Marvin Chochotte (Agrarian Studies Fellow), “Building Roads to Democratic Revolution: Development Projects, Community Councils, the Tonton Makout Militia, and the Fall of the Duvalier Dictatorship, 1971-1986” (Yale Agrarian Studies)

Event time: 
Friday, April 24, 2020 - 11:00am to 1:00pm
Location: 
230 Prospect Street (PROS230), 101 See map
Event description: 

Marvin Chochotte received his PhD in History from the University of Michigan, Ann Arbor in 2017. He joins us at Yale from Dartmouth College, where he was a Mellon Faculty Fellow. During his year with the Program in Agrarian Studies, Marvin will work on his book manuscript entitled The Black Agrarian Democracy: A History of Haiti from the Haitian Revolution to the Fall of the Duvalier Dictatorship, 1791-1986, which tells the story of the most brutal dictatorship in Haitian history.

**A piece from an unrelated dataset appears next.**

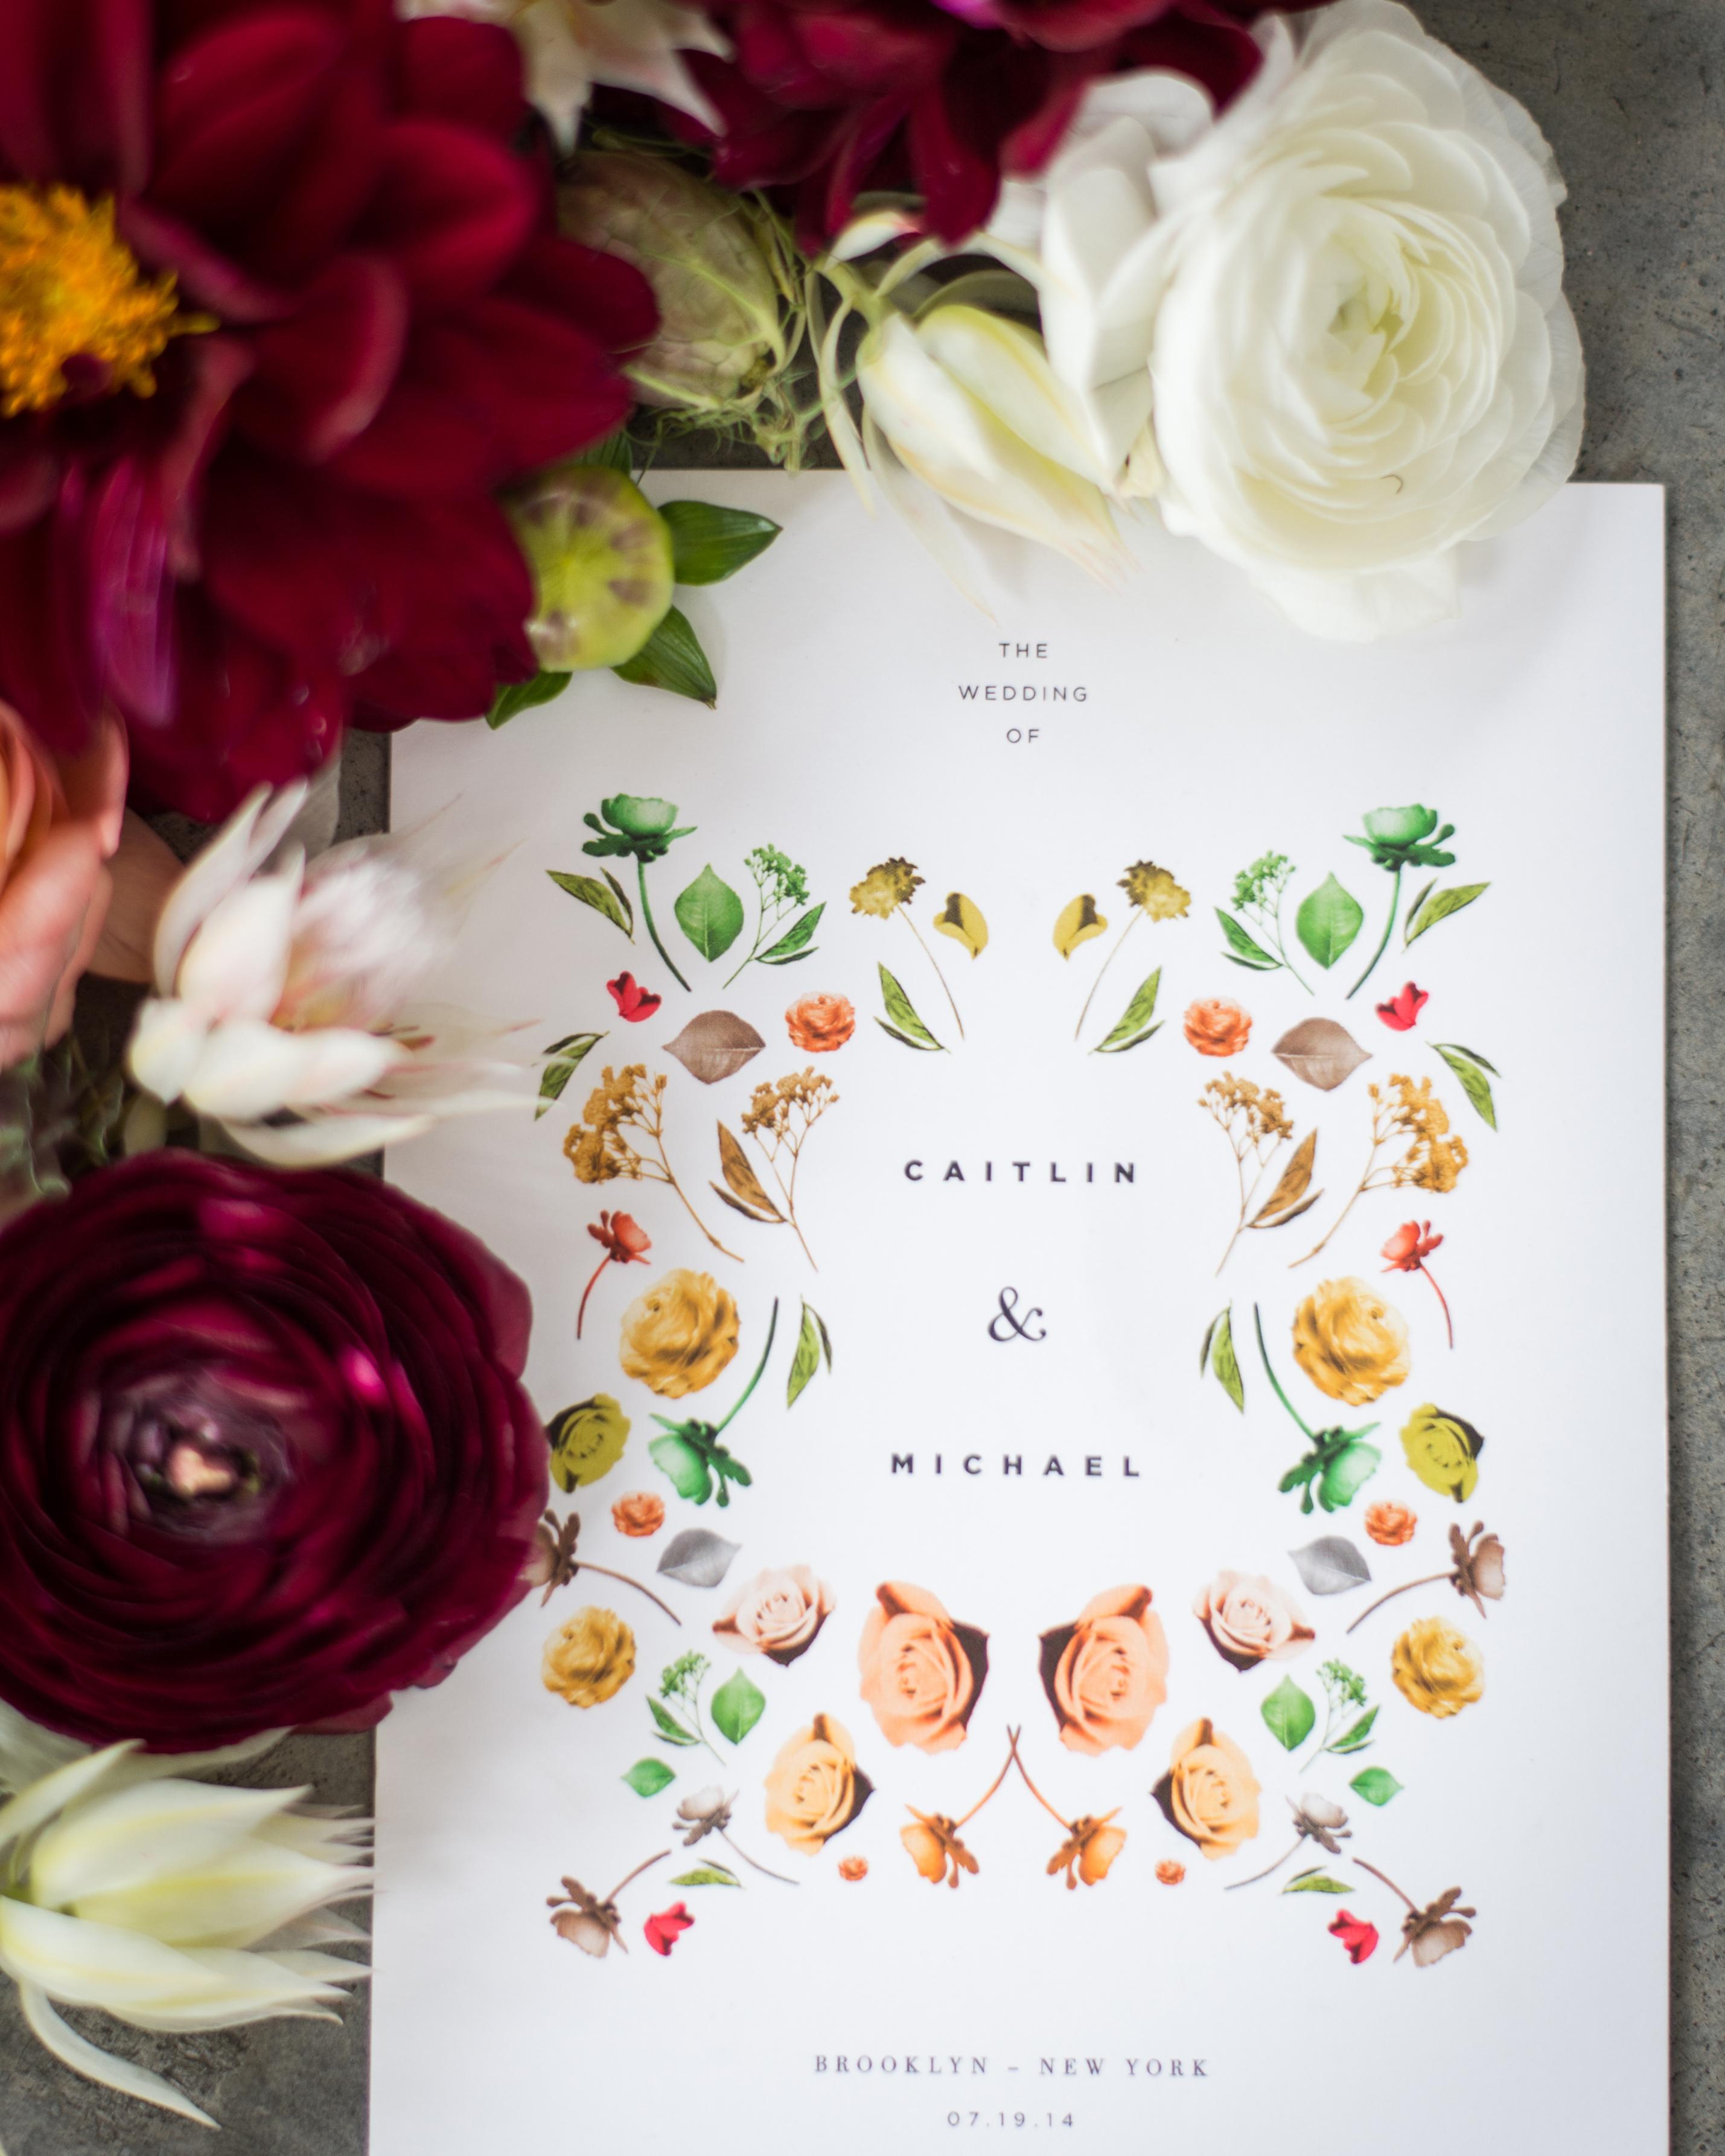 caitlin-michael-wedding-invite-666-s111835-0415.jpg

Drawing on never-before-utilized archival and oral sources, Marvin shows that the terror of the dictatorship under François Duvalier, who came to power in 1957, emerged from a complex post-emancipation crisis in which United States military intervention in Haiti (1915-34) stamped out peasant traditions of revolution that ensured freedom and checked authoritarian tendencies of the Haitian state. The Black Agrarian Democracy shows how Duvalier remilitarized and rearmed peasants in exchange for their loyalty, thereby creating a peasant militia whose support helped him repress political opposition to stay in power for almost three decades. Marvin’s work thus offers the first empirically-based historical analysis of the tonton makout militia that provides new insights into the motivations and perspectives of those involved. After his time at Yale, Marvin will return to Dartmouth College as an Assistant Professor in African and African American Studies.